> _TASK INPUT_

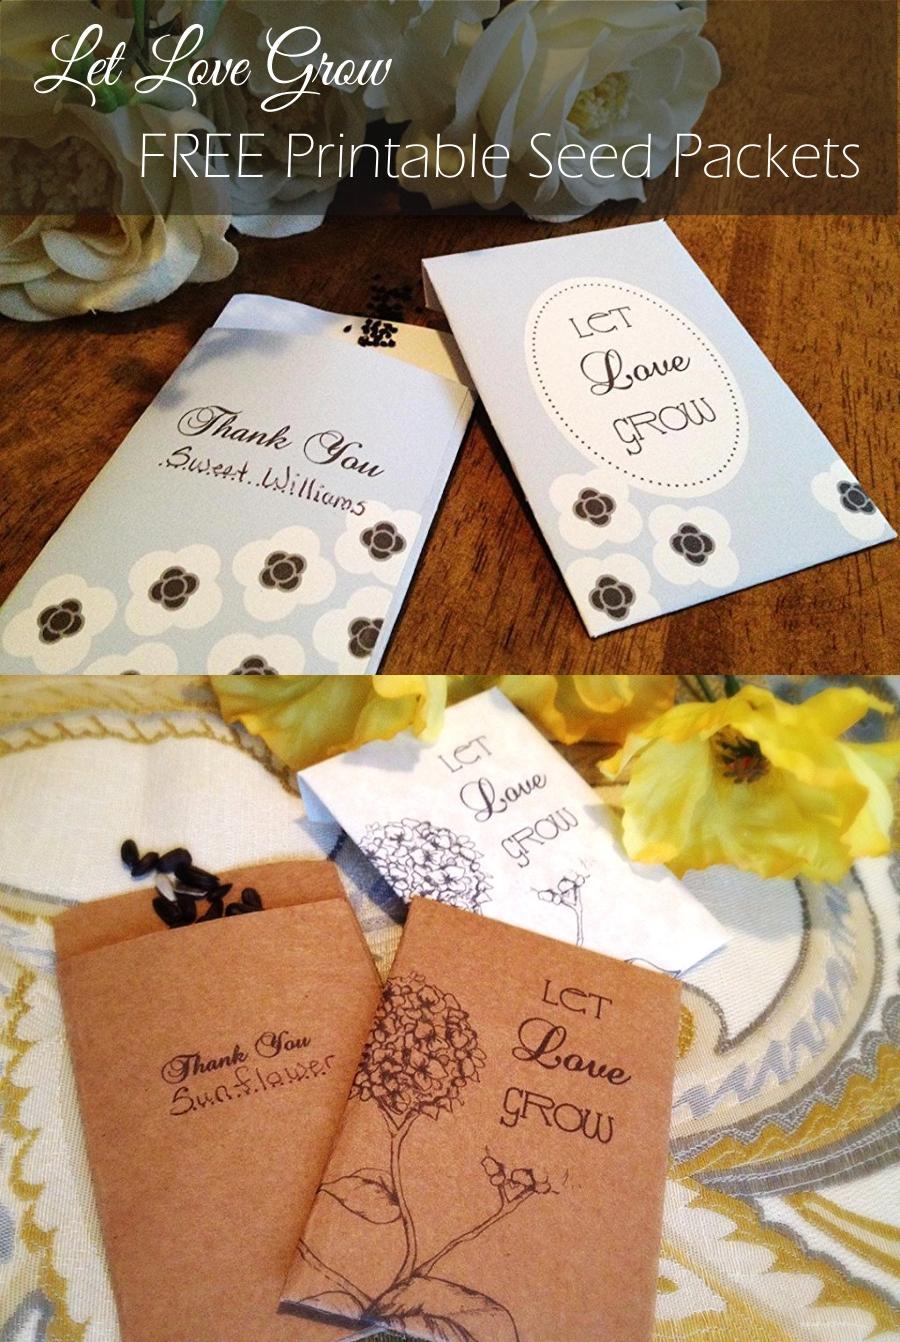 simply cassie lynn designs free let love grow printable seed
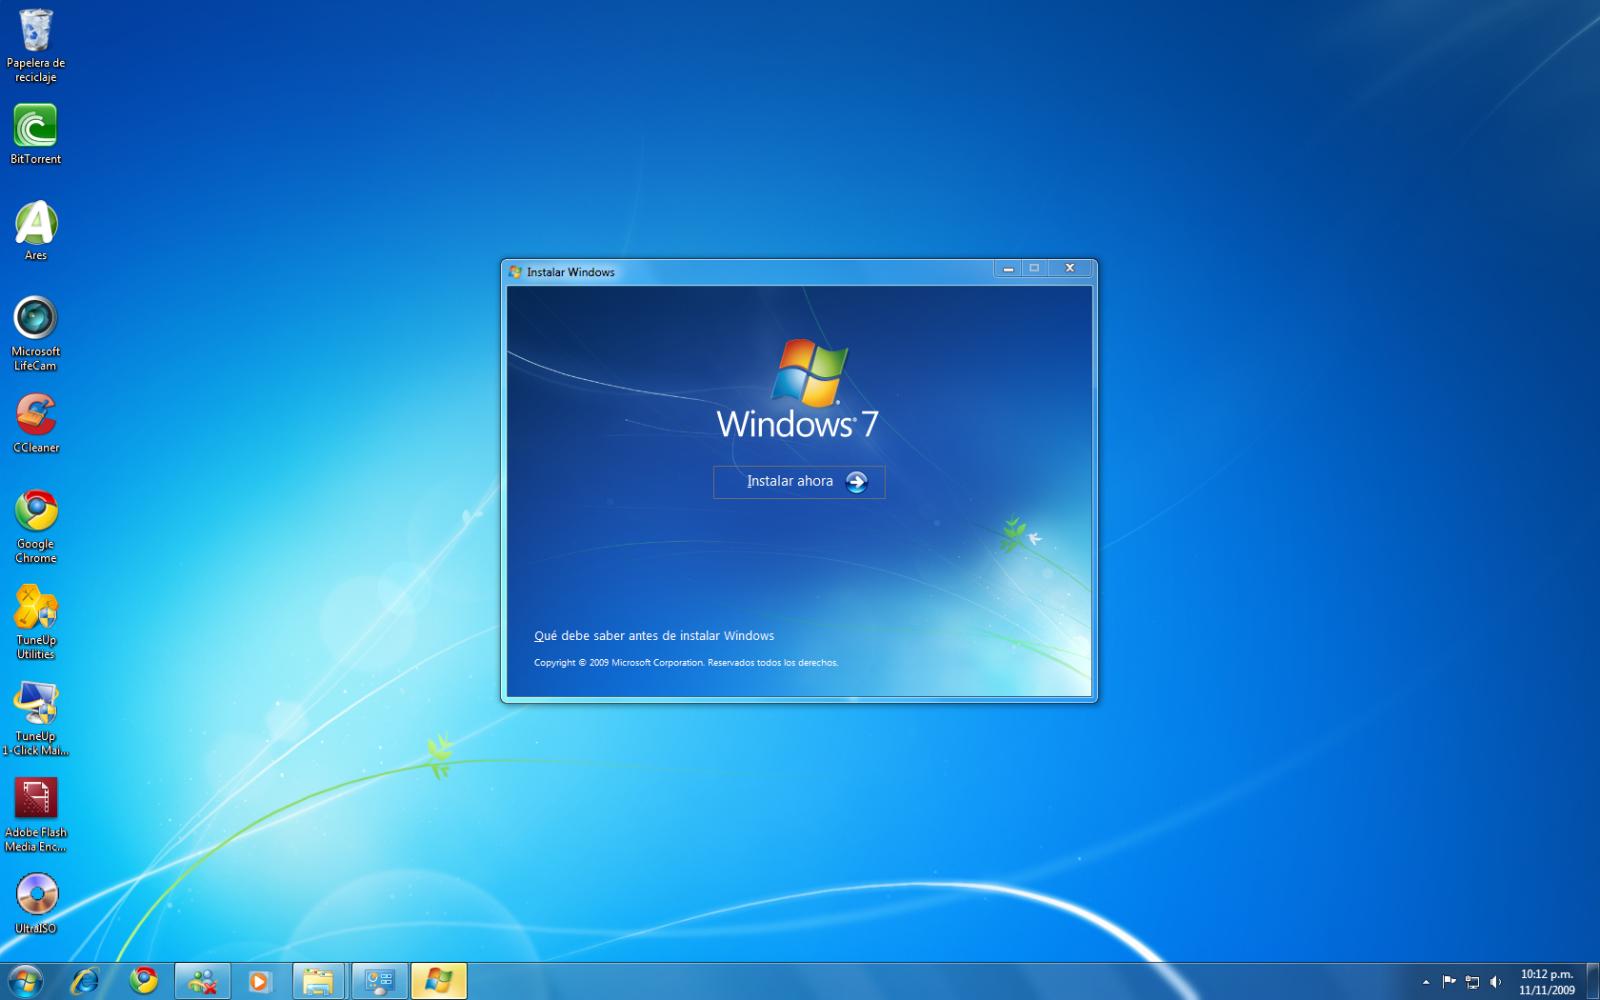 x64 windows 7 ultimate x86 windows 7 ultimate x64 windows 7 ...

---

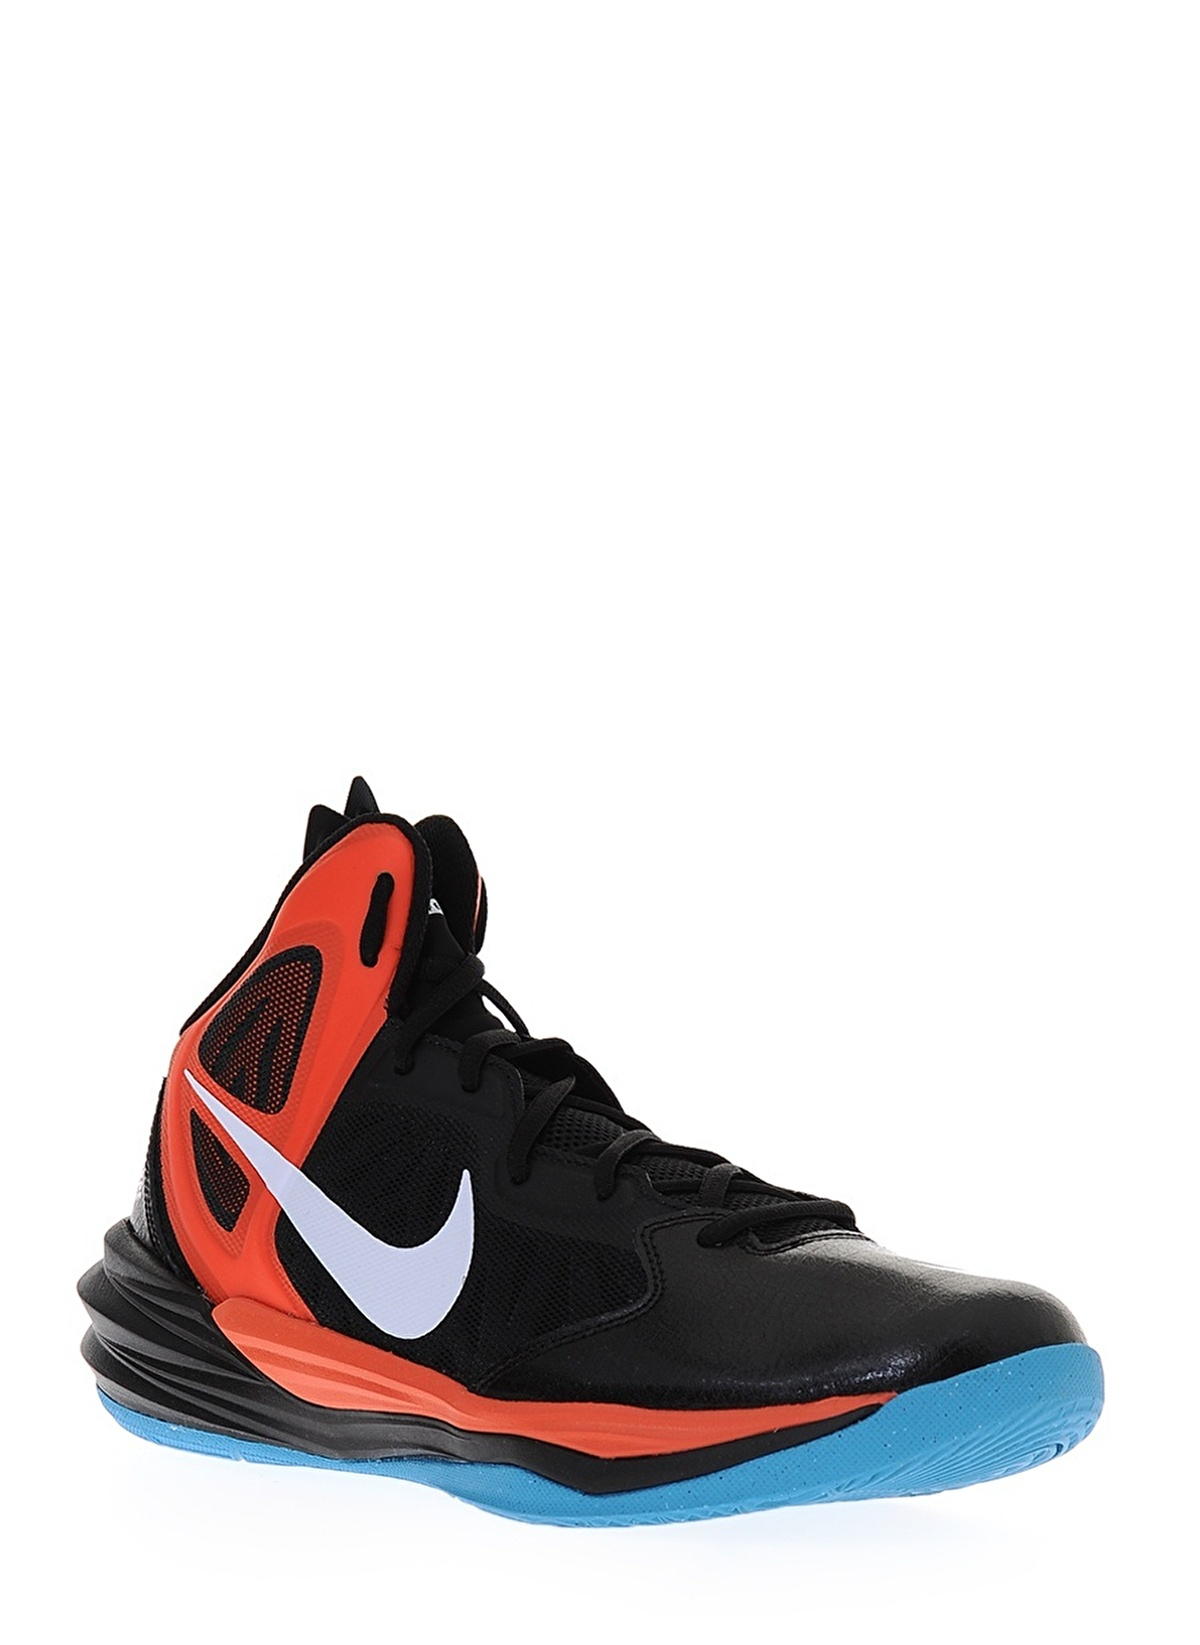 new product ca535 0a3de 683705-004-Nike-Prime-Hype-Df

> _WHAT TO DO_
From the data above, return only the lines starting at the line that holds "simply cassie lynn" and ending at the line that holds "x64 windows 7 ultimate", word for word and without pictures.

> _PROBLEM SOLUTION_
 simply cassie lynn designs free let love grow printable seed
 x64 windows 7 ultimate x86 windows 7 ultimate x64 windows 7 ...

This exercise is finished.